With revenues at his six-employee construction business on track to jump 10 percent this year, to $2 million, Gary Desilets thought he'd be able to get credit pretty easily. As it turns out, securing financing is harder than he expected because his trade creditors—suppliers that let companies buy now and pay later—have been scrutinizing his Bristow (Va.) business more closely. In April the company that sells him concrete, lumber, and other building materials slashed his credit line from $200,000 to $20,000, and Home Depot cut him to $8,000 from $20,000. "Our mistake was believing the hype about not worrying about your debt as long as you can service it," Desilets says. "That's a bunch of hooey unless you're a big company with a lot of resources."
Only about 20 percent of the short-term credit for small businesses comes from banks.

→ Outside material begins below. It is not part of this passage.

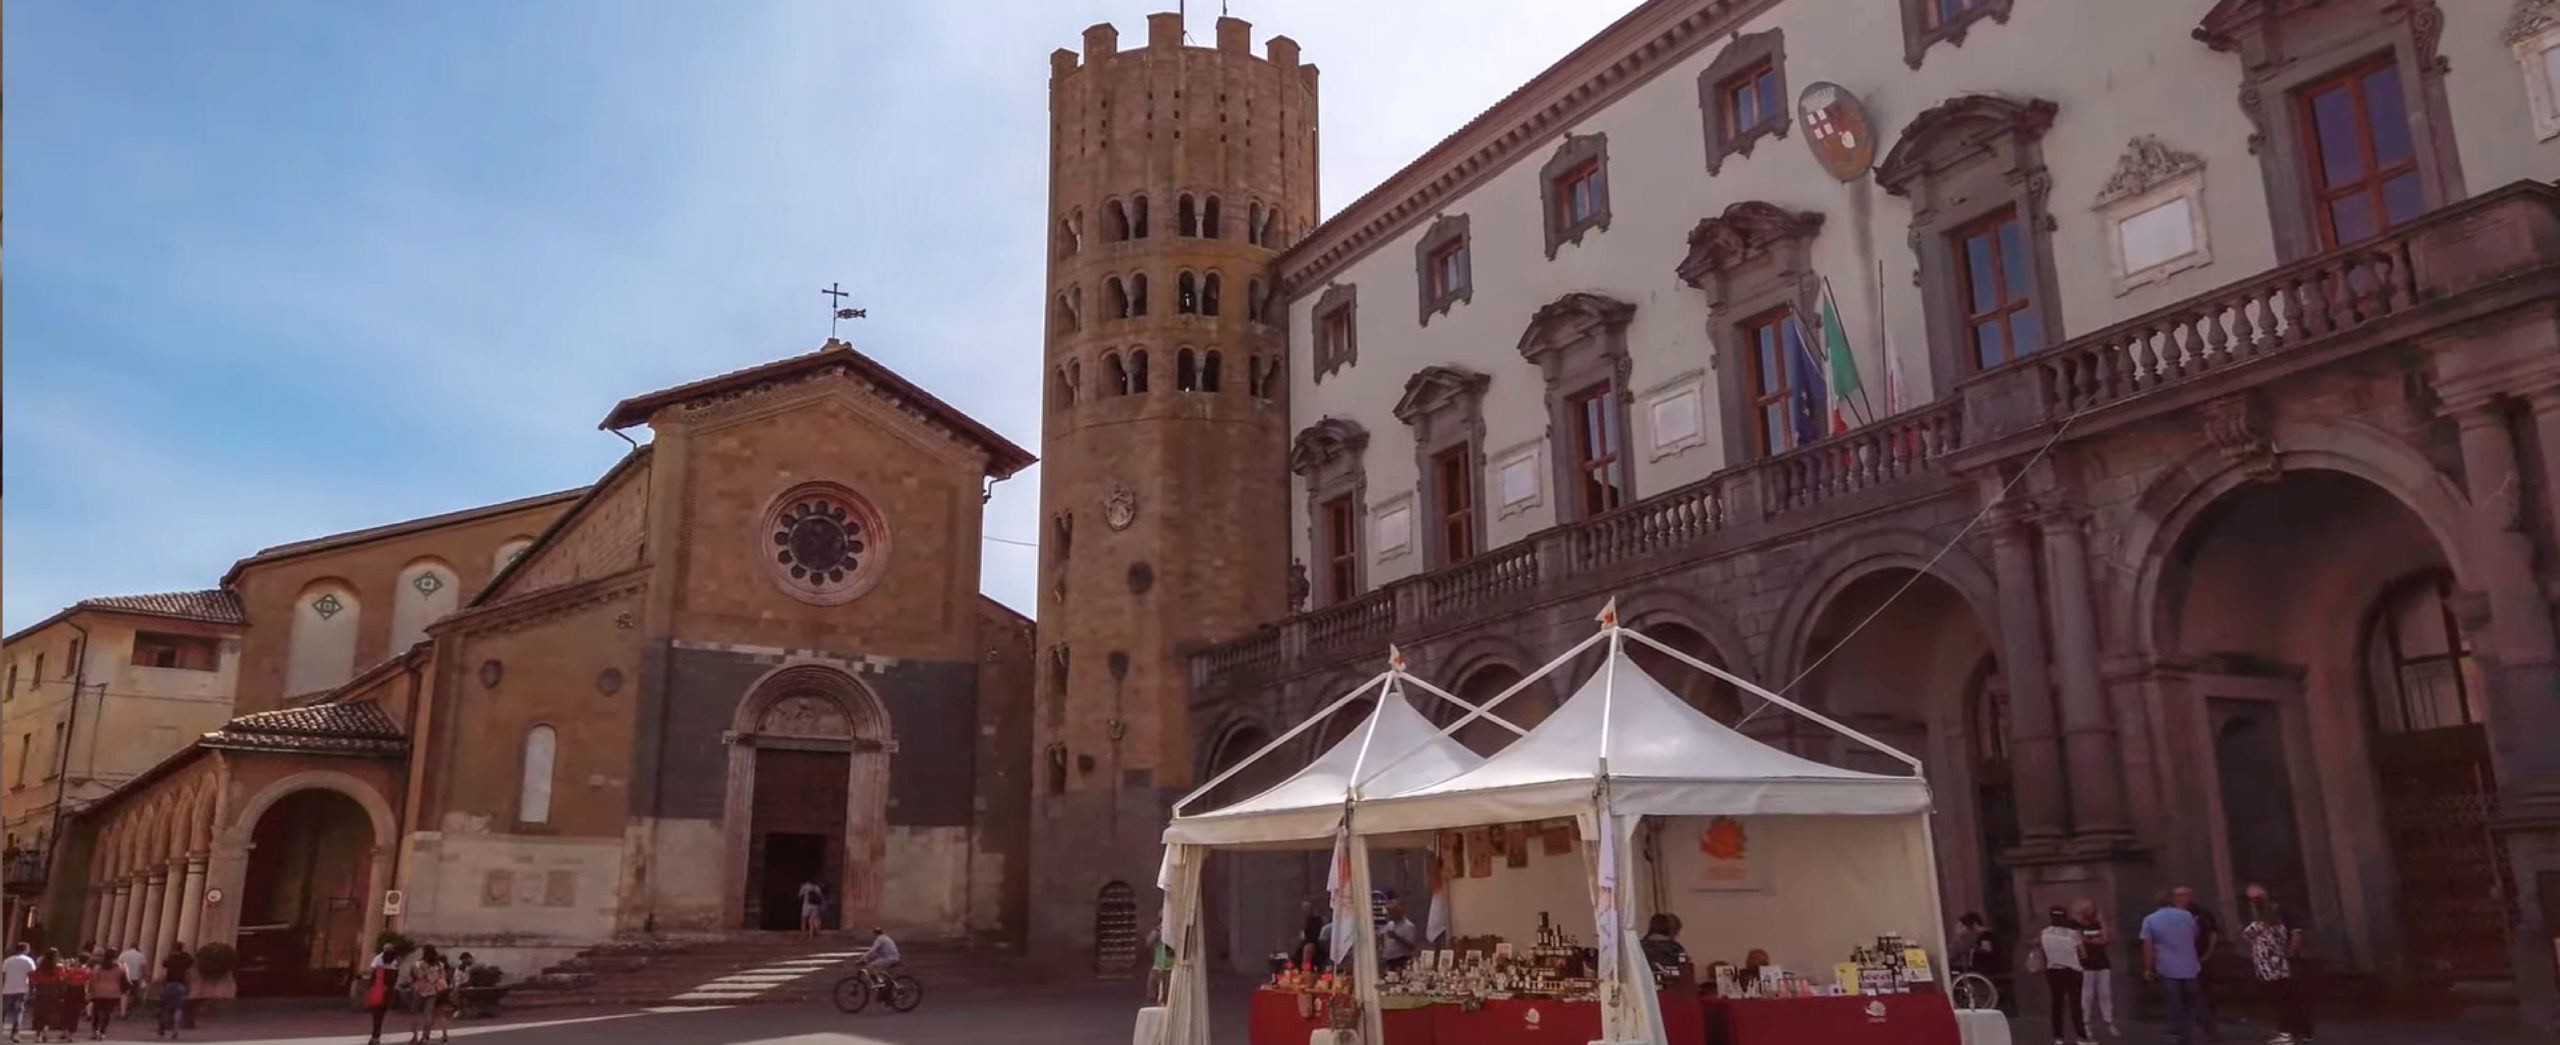 Orvieto - Piazza della Repubblica con la chiesa e il campanile di S. Andrea

Suppliers make up most of the rest, according to the Credit Research Foundation, a trade group in Columbia, Md. Now with banks choking off credit, many small companies are pressing vendors for more time to pay their bills, in effect asking for a loan to tide them over until they get paid by their clients. "Small businesses have been forced to reach out to trade creditors and begin to utilize them as bankers," says Lyle P. Wallis, vice-president of the Credit Research Foundation.
To make sure they don't get stiffed, trade creditors are taking a closer look at customers that ask for credit. They are using sophisticated risk analysis to ferret out and cut off customers who are least likely to pay their bills. Wallis estimates that over the past 18 months trade creditors have doubled their use of scoring tools such as credit reports from Dun & Bradstreet and Experian. PredictiveMetrics, a firm that advises trade creditors on risk, has seen client inquiries triple over the past three years.